Canadian Team Reaches Next Milestone in Addressing Medical-Isotope Crisis
Demonstrates Technology Suitable & Scalable for Multiple Brands of Cyclotrons
ST. LOUIS, MO, June 9, 2014 /CNW/ – Today at the Society of Nuclear Medicine and Molecular Imaging’s annual conference, a Canadian team with members from TRIUMF, the BC Cancer Agency, the Centre for Probe Development & Commercialization, and Lawson Health Research Institute announced that they have dramatically advanced technology for addressing the medical-isotope crisis. The key medical isotope, technetium-99m (Tc-99m), can now be produced in meaningful quantities on the world’s most popular cyclotrons, many of which are already installed across Canada and around the world.

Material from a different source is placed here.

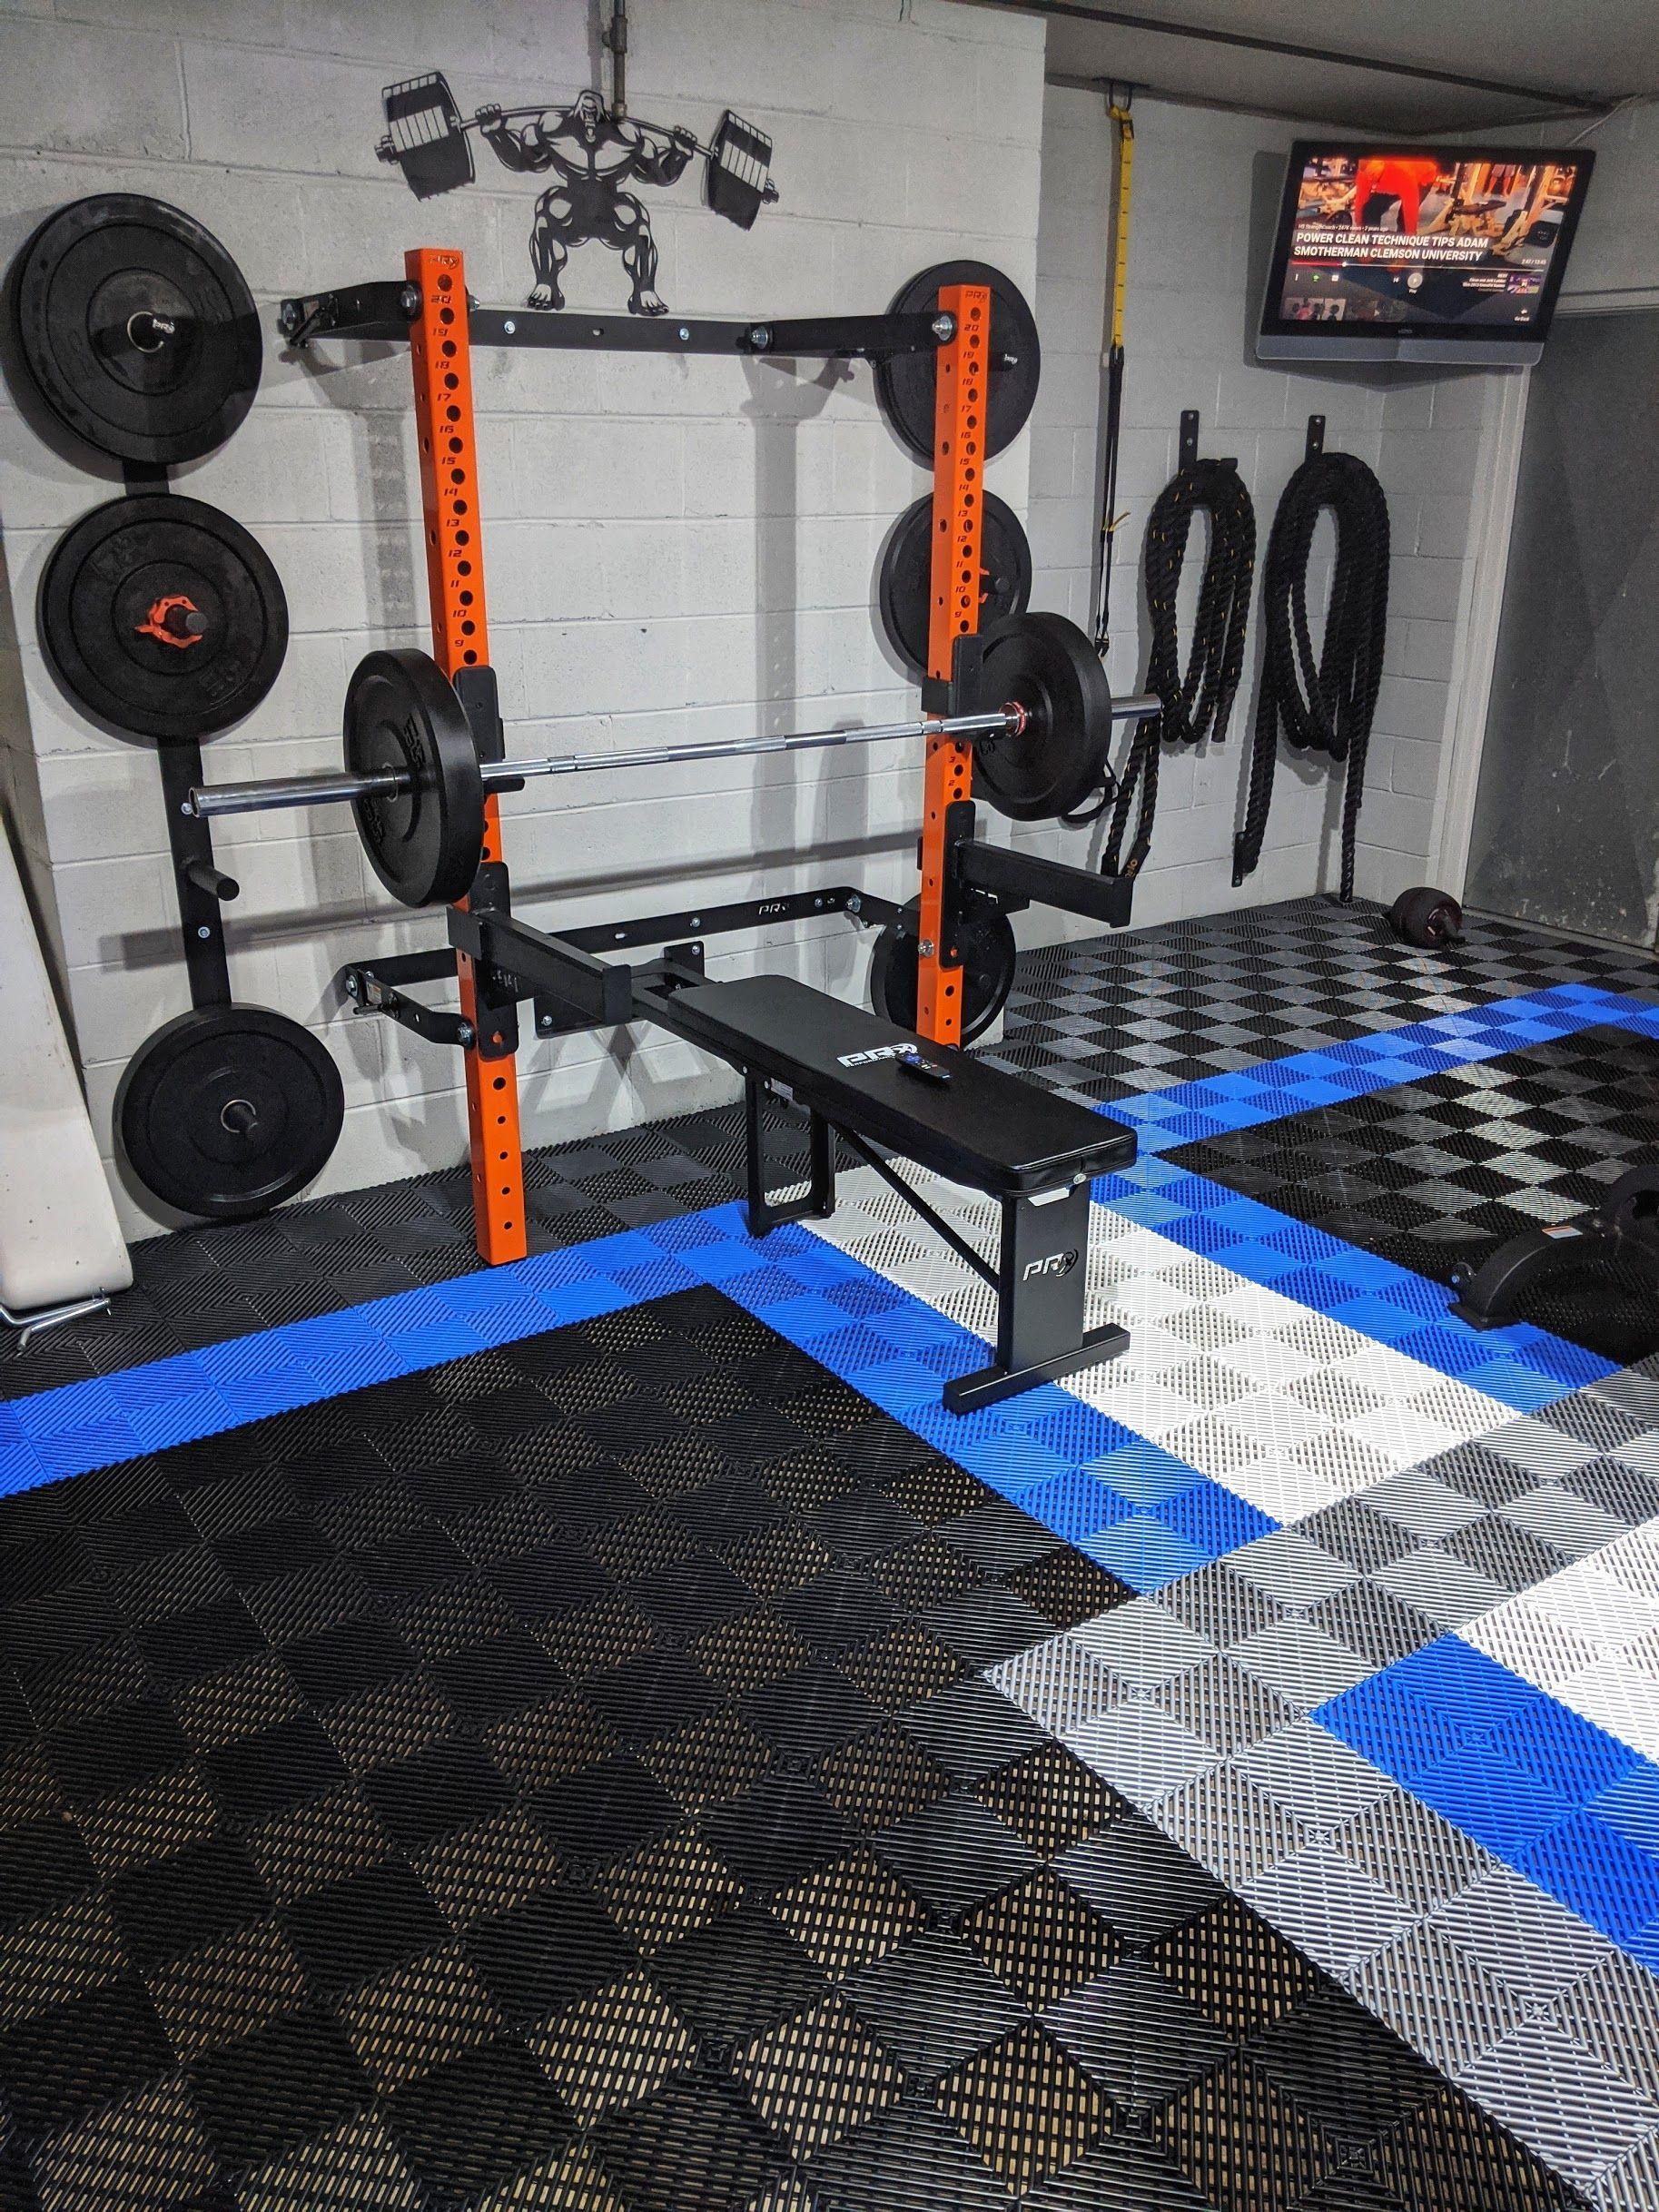 Custom flooring makes the world go round. Custom floor

Patients, doctors, and hospitals have been concerned about a supply shortage of the workhorse medical isotopes used in cardiac tests and cancer scans as the world moves away from uranium-based nuclear reactors to create these exotic, short-lived, life-saving compounds. The Canadian team has demonstrated the successful production of Tc-99m on a standard cyclotron manufactured by GE Healthcare, confirming that this alternative technology can be used by roughly half of the world’s already-installed cyclotrons.
Speaking for the consortium, Dr. Frank Prato of the Lawson Health Research Institute said, “This achievement is based on the efforts of the entire team and showcases our progress; we have a technology that can be applied in jurisdictions across Canada and around the world to produce this important isotope.”
Last summer, the team set a world record for production of the critical isotope, Tc-99m, on a Made-in-Canada medical cyclotron; today, the team showed record production of Tc-99m using a GE PETtrace cyclotron at the Lawson Health Research Institute in London, Ontario. This demonstration, along with the work being done at a similar GE cyclotron in Hamilton, ON, validates the business proposition that conventional cyclotrons around the world can be upgraded to produce Tc-99m for their region.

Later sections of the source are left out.